Awful Cereal Hall of Fame: Grape Nuts

I don’t know if there’s a Hall of Fame for Awful Cereal. I get that typically halls of fame are reserved for honoring good things, not detracting from bad things. And I get that maybe it should be a Hall of Infamy, but at that point, we’re really overthinking this a bit too much, aren’t we?

Regardless of whether or not something like a Hall of Fame for Awful Cereal (HFAC) should exist or not, I would like to think we could all agree on the simple fact that the first entry in the HFAC would be Grape Nuts.

I have had the misfortune of eating Grape Nuts twice in my life. The first time was at my brother’s. I was crashing there for the night, and when the morning came, it was time for breakfast. His supply left a fair bit to be desired. I can’t remember exactly what was there (Cheerios? Shredded wheat?) but whatever it was, it was missing my usual go-to dependables. Cocoa Puffs or Cocoa Krispies. (If your cereal isn’t giving you chocolate milk when you’re through with it, it’s not pulling its weight.) There were, however, Grape Nuts.

“Aha!” I said to myself. “I’ve never tried those before. I like grapes. I like nuts. These are gonna be great.”
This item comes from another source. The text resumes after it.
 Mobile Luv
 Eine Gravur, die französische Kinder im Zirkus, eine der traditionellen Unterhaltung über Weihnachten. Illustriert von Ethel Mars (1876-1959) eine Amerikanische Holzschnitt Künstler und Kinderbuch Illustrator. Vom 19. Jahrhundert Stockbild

One bowlful later, I discovered it’s a miracle Grape Nuts haven’t been hit with a false advertisement suit years ago. They contain neither grapes nor nuts. In fact, they’re basically kitty litter, but I suppose “Kitty Litter” as a cereal name didn’t score as well in their consumer research tests, so they decided to lie instead.
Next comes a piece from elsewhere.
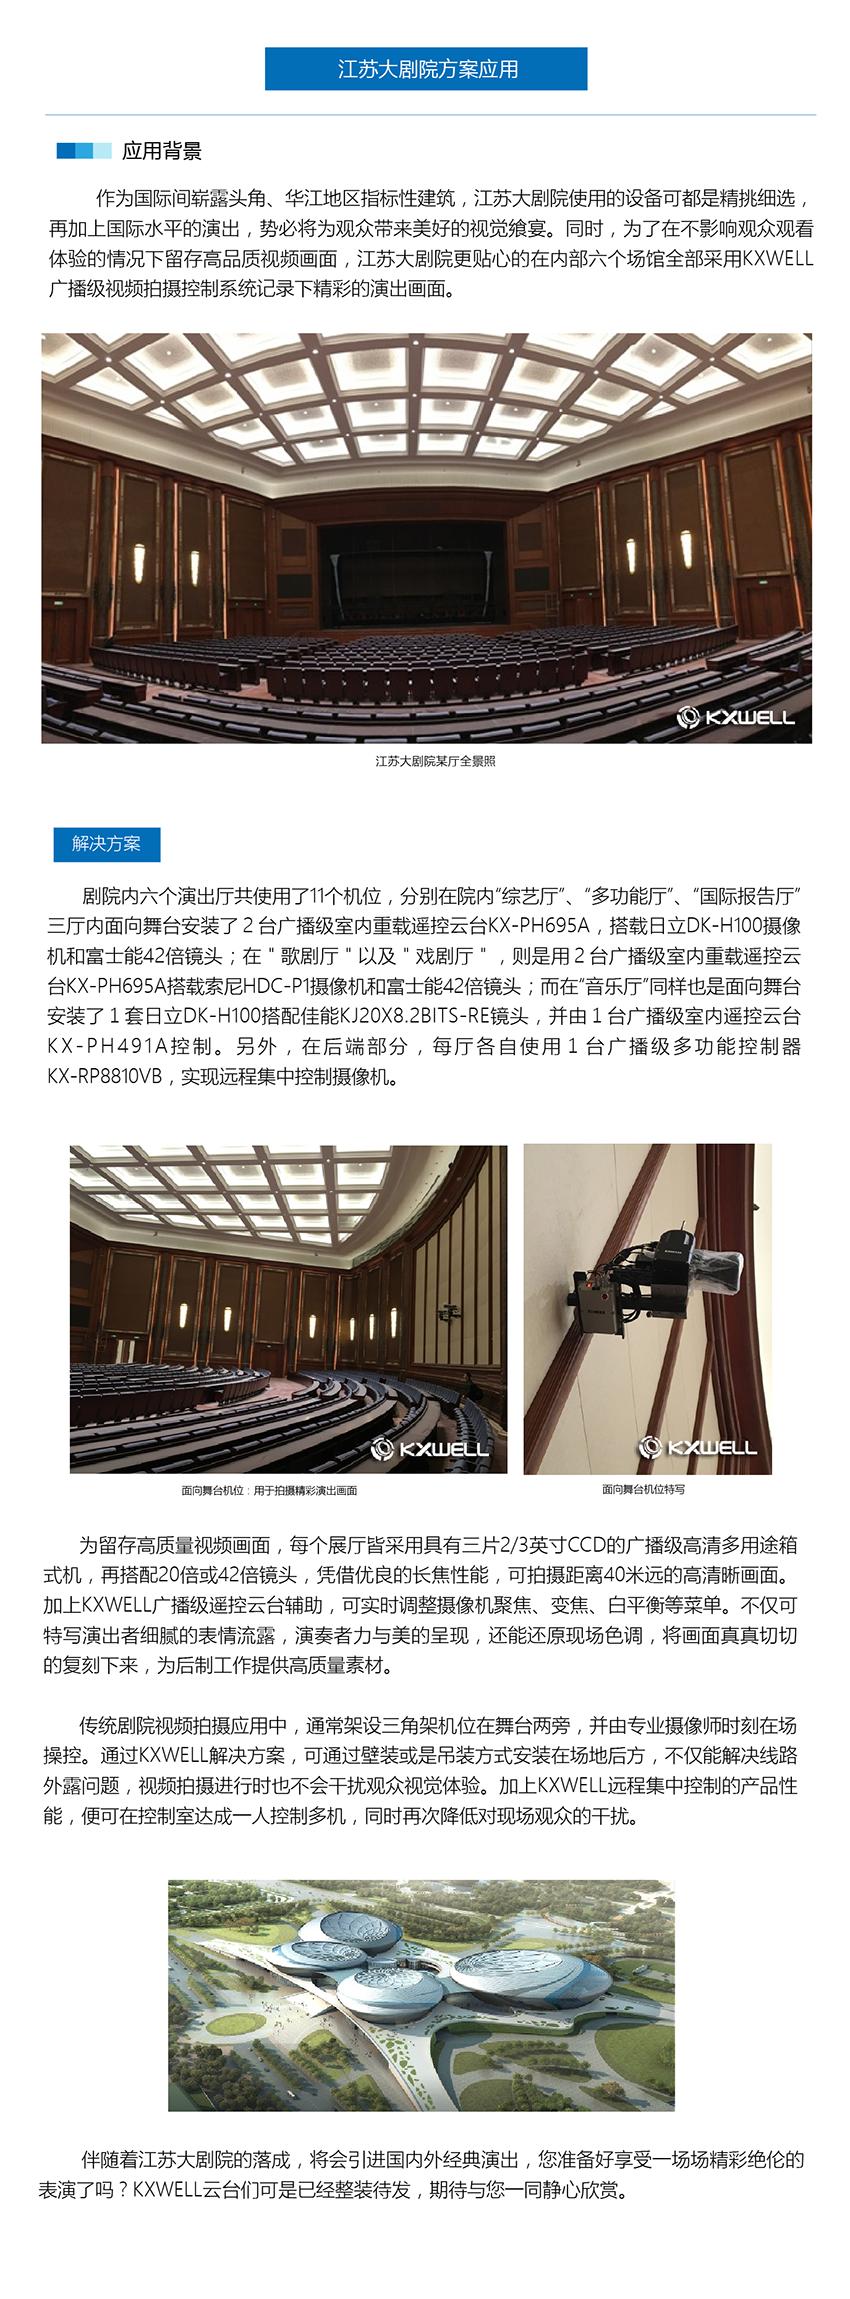 艺术与科技融合之美——江苏大剧院

Not that I’ve ever tasted kitty litter, in case you were beginning to have your doubts. I mean, I’ve tasted Grape Nuts now, which already makes me pretty suspect, so I wouldn’t blame you for being suspicious about my history with consuming kitty litter. But Grape Nuts look like kitty litter: small pellets. They smell pretty much odorless, which I believe is the point of kitty litter. And if you swapped them out with your cat’s kitty litter, I’m willing to bet Mr. Bigglesworth wouldn’t be able to tell the difference.

Needless to say, I didn’t have a second bowl.

And yet somehow I was suckered into trying Grape Nuts again. Years had gone by, and I was having ice cream at a friend’s house. The flavor? Grape Nuts. I stared at the flavor name in confusion. It was like calling something “Dog Vomit Ice Cream” and hoping that would somehow sell more cartons. Except my friend wasn’t just eating the ice cream. He was enjoying it. He even said it was his favorite flavor.

I am not above admitting when I am wrong, and what did I know? Maybe when you added cream and sugar to Grape Nuts and then froze them for a while, they turned into some kind of awesome flavorfest. Did I want to miss out on a thing like that? Maybe the batch of Grape Nuts I’d had was stale, or maybe my brother had accidentally put kitty litter into his Grape Nuts back in the day.

Reader, I tried the ice cream.

Again, I’ve never put kitty litter on top of my ice cream before, but if I were ever try such a thing, I’m fairly confident I couldn’t have a worse experience with that flavor than with what I put in my mouth that day.

Friends don’t let friends eat Grape Nuts. Period.

There are other cereal brands that belong in the HFAC. Original Cap’n Crunch has cut my mouth more times than I’d like to admit. Rice Krispies are borderline, because if you don’t literally inhale them the moment you add milk to the mixture, you’re left with Rice Mush. I’m not honestly sure what Apple Jacks are trying to accomplish, but whatever it is, they’re failing.

But they all pale before the horror that is Grape Nuts.